The independents, by and large, have let us down; some of them even got as far as the Cabinet table and made not a blind bit of difference for all their occasional bluster—we still got pure Fine Gael/Fianna Fáil pro-corporate, pro-landlord policies.

And the left are busy fighting wars of ideological purity.

The left’s asleep

So, how do we translate a shift in voting patterns into a clawing back of the wealth, the power, and the privilege that have been trickling up for decades? Why not a first-class healthcare system, a first-class education system, housing for everybody in need? In order to get there from here, the various left factions have to stop scoring points against each other and work on building a consensus approach to solving specific problems through cooperative action across and outside of party-political lines, and across lines of racial, class, and cultural identity.

This won’t be a coalition, where smaller parties go to die, but an alliance or cooperative—a Commoners Co-op—made up of progressive thinkers coming together for a single term only, with a fixed programme of government composed entirely of shared non-negotiable red lines that might include:

  • building houses so that we all have equal access to a home;
  • nationalising the hospitals and implementing Sláintecare, or a variation thereof, so that we all have equal access to healthcare;
  • nationalising and properly resourcing schools, colleges, and universities so that we all have equal access to education;
  • implementing an urgent programme to deal with climate change so that we can all enjoy a habitable planet into the future, and so that we all have equal access to clean air and water now;
  • introducing a wealth tax or a third income tax band, because revolutionary change doesn’t come cheap.
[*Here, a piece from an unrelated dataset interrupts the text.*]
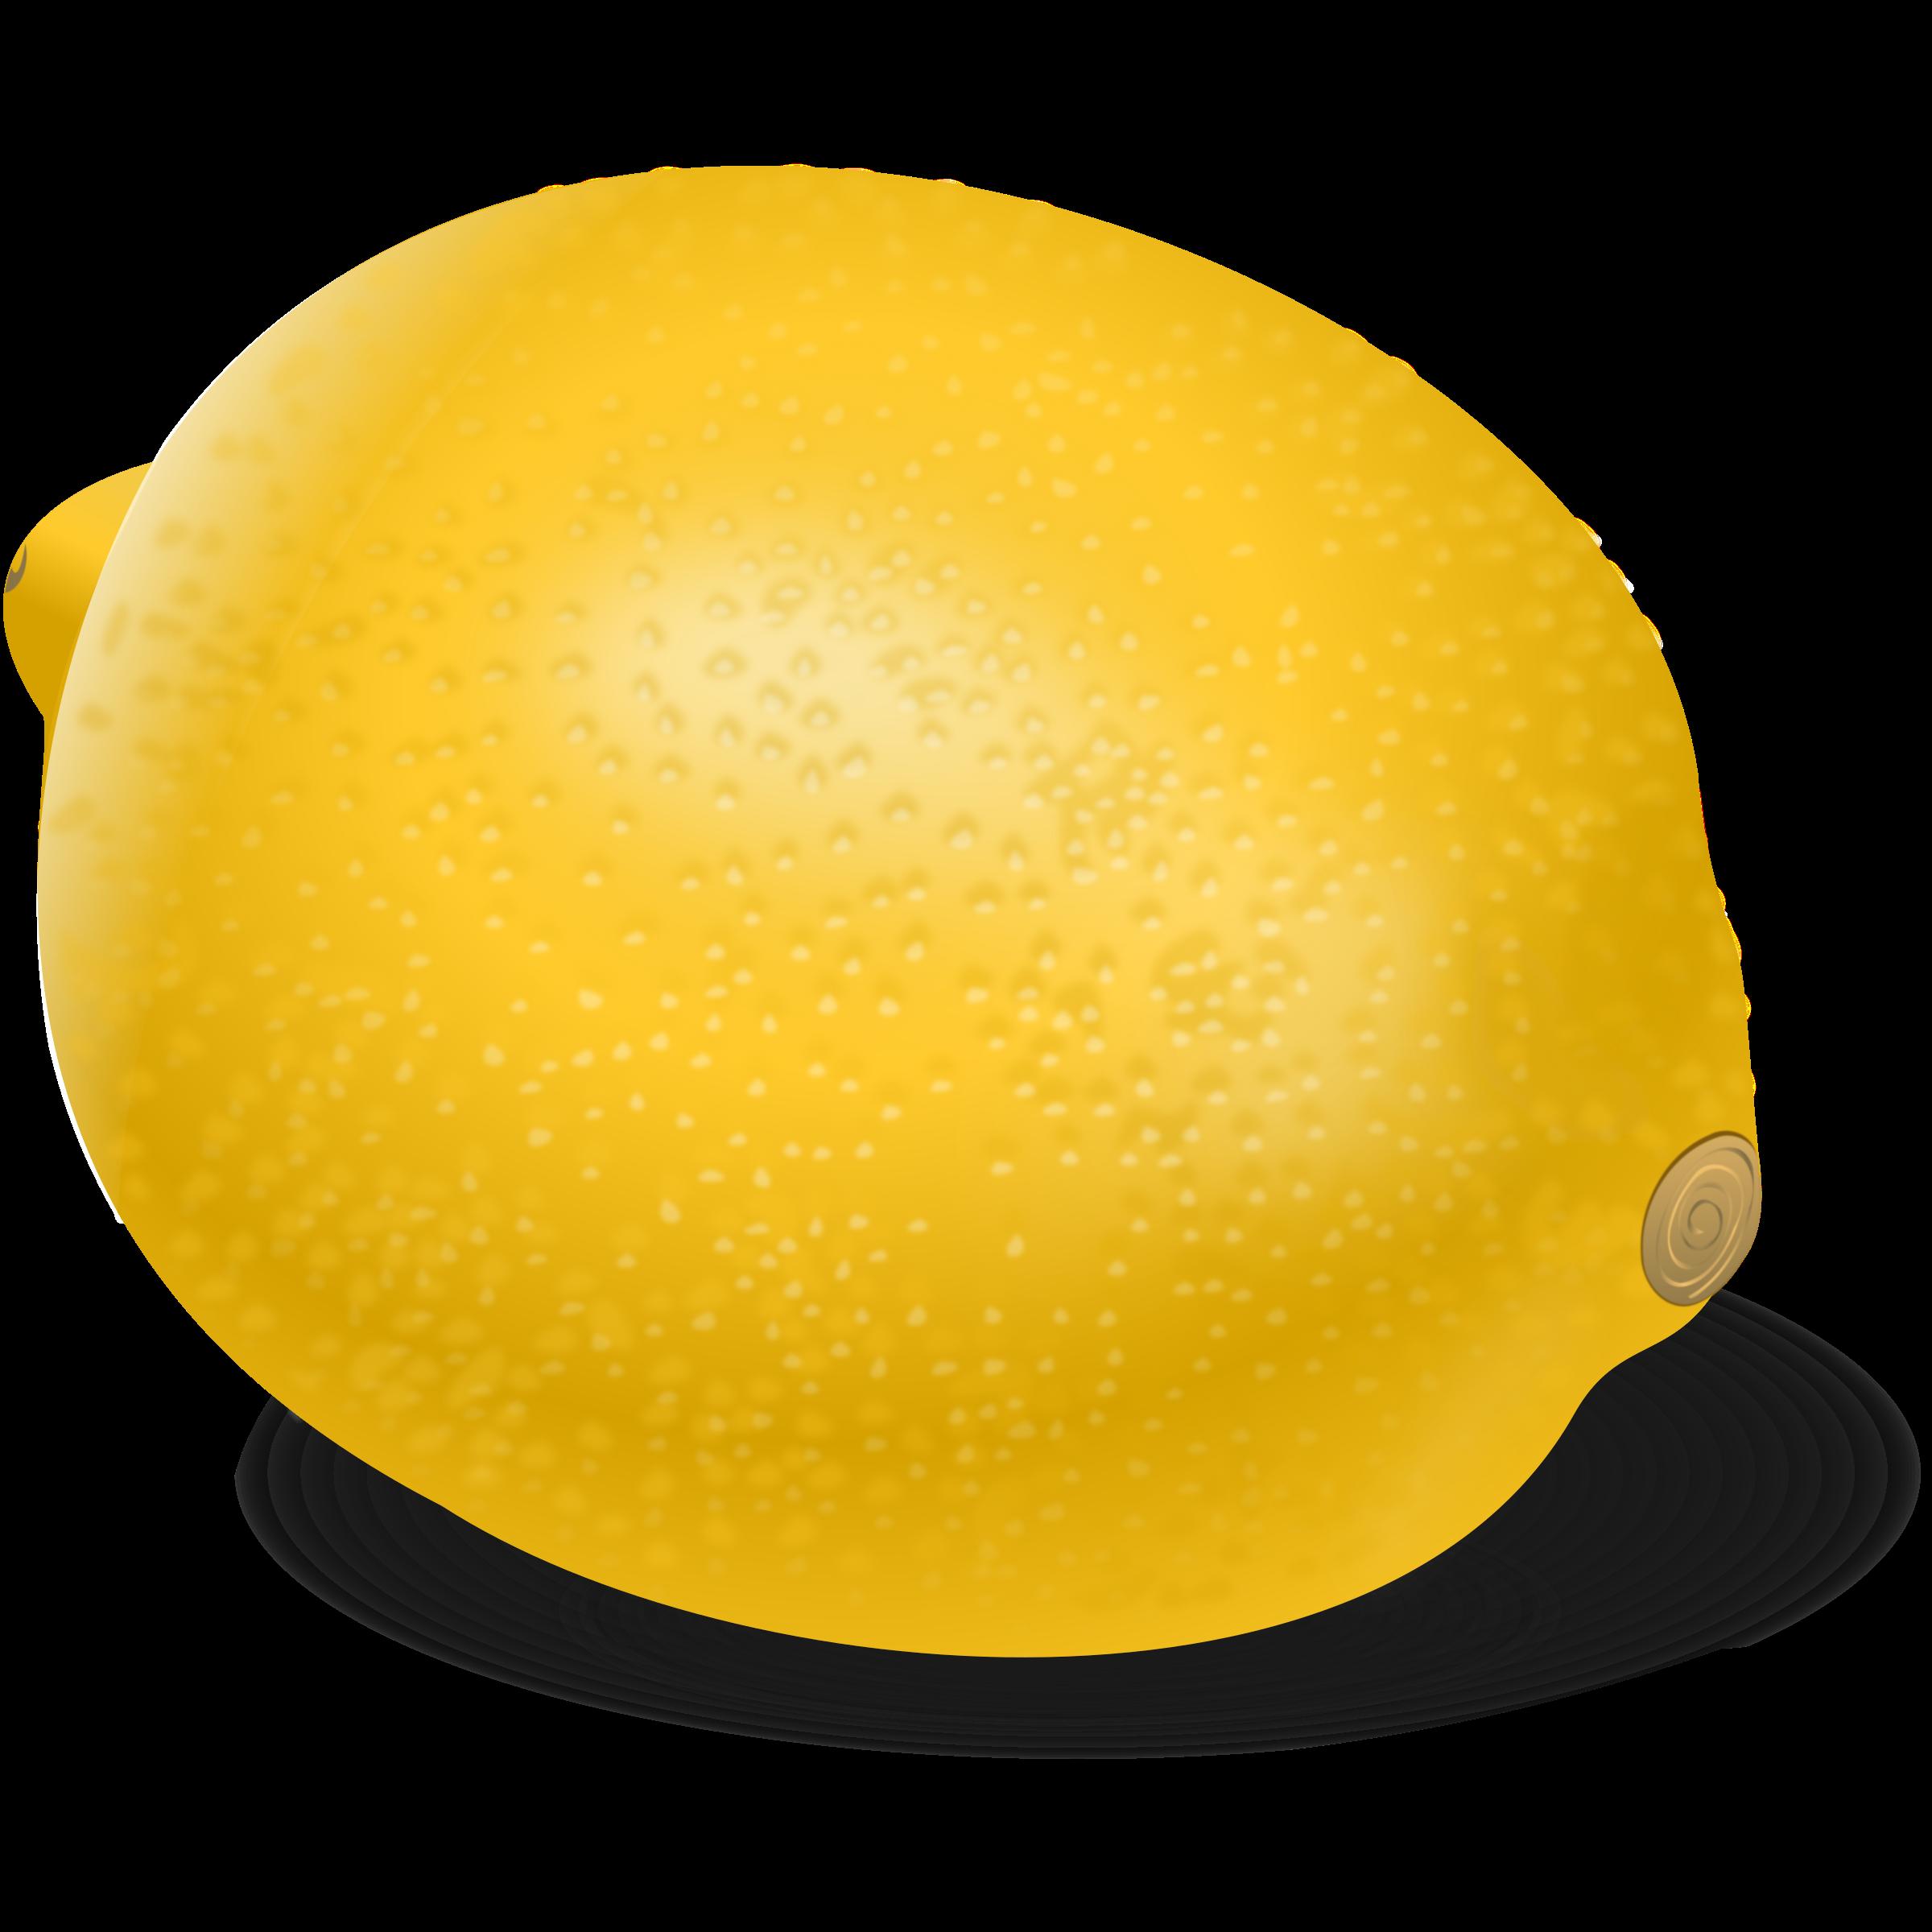 graphic free library Lemons clipart citron. Lemon citrina big image.

Those red lines can’t be limited to promises or broad policy outlines; they have to be fully worked out and costed plans for achieving each of the agreed policies, or a specified part of one or more, over five years. The cooperative would hold itself responsible for any shortfall or over-run and would dissolve itself after that single term with all members going their separate ways.

Outside of those non-negotiable red lines, individual members of the cooperative would agree to differ, with a firm commitment to ditching the whip. Members would be free to bring forward Private Members’ Bills for a democratic vote, devolving some of the power now resting within the cabinet to parliament and to the democratic process.
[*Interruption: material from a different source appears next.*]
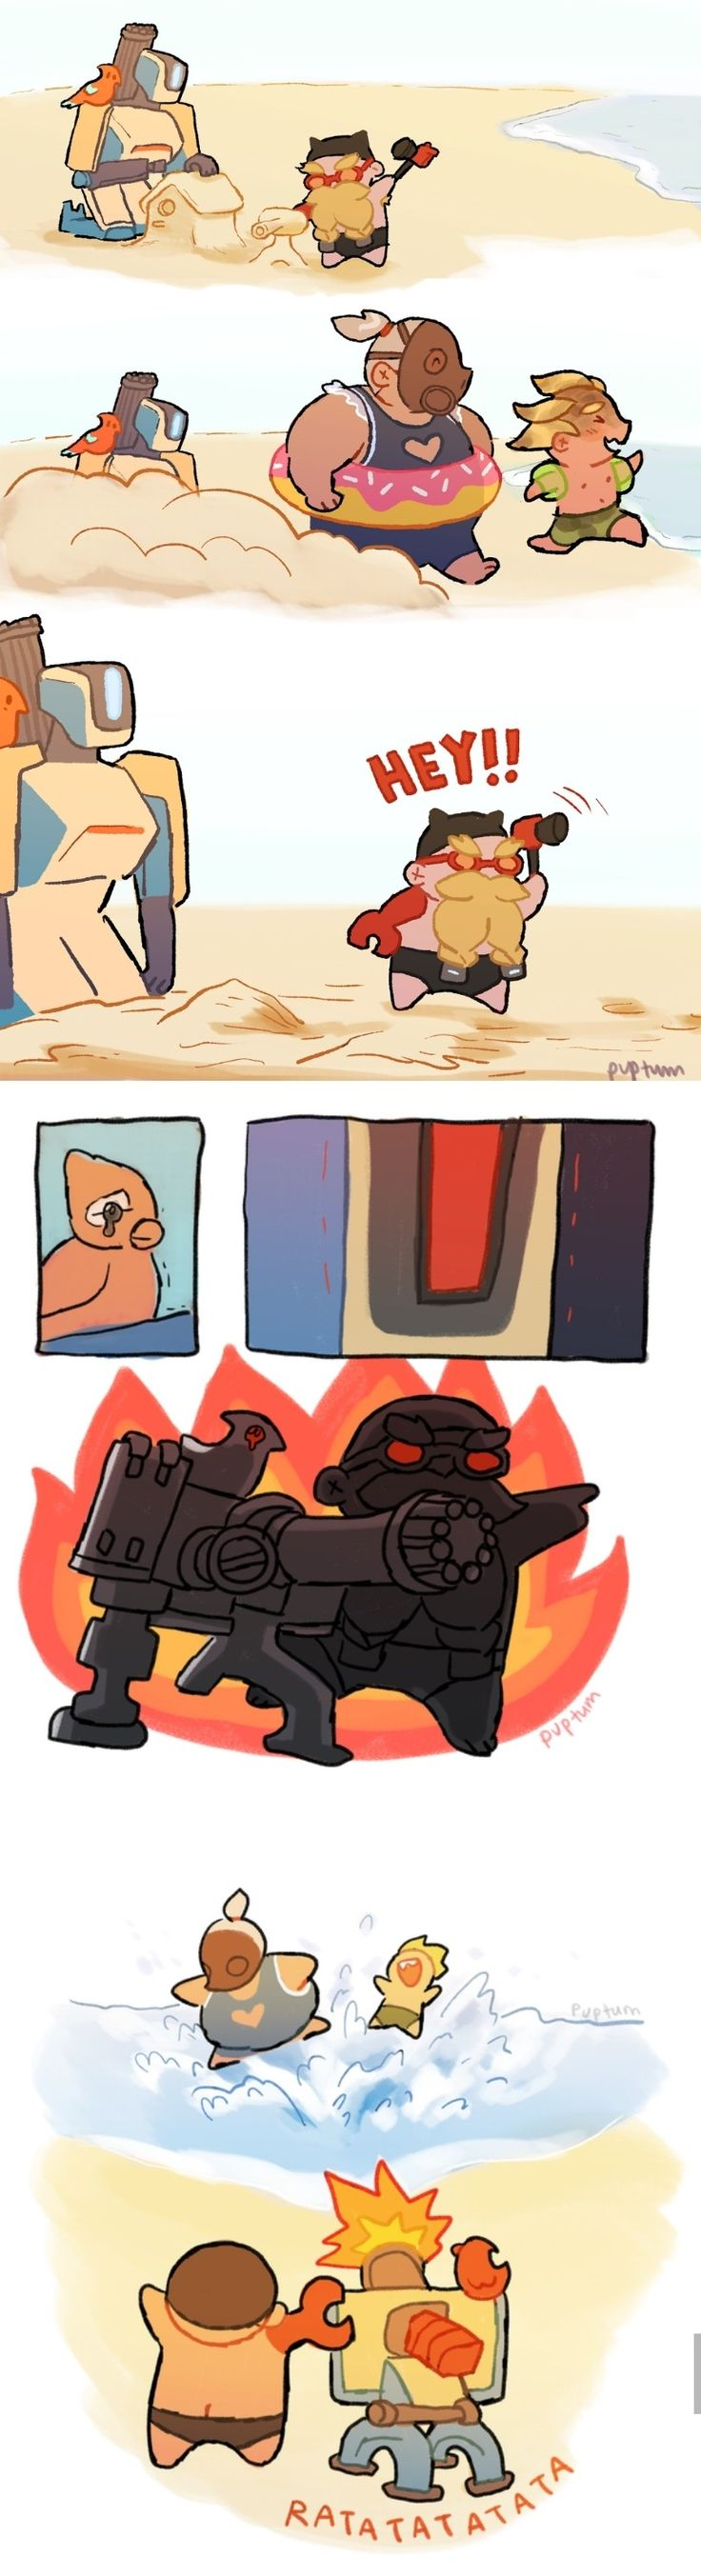 Puptum.tumblr.com

That should shake things up a bit and, hopefully, change the electoral maths forever. We now have an embarrassment of riches when it comes to political parties and independents from left of centre to centre-left to radical left—demonstrating both the diversity and the perversity of progressive opinion. And right now, we also have a clear appetite for change among the electorate. What are we waiting for?


[i] Universities stayed free until 1998, when fees were reintroduced by Blair’s New ‘Labour’—by people who had themselves benefitted from free university education.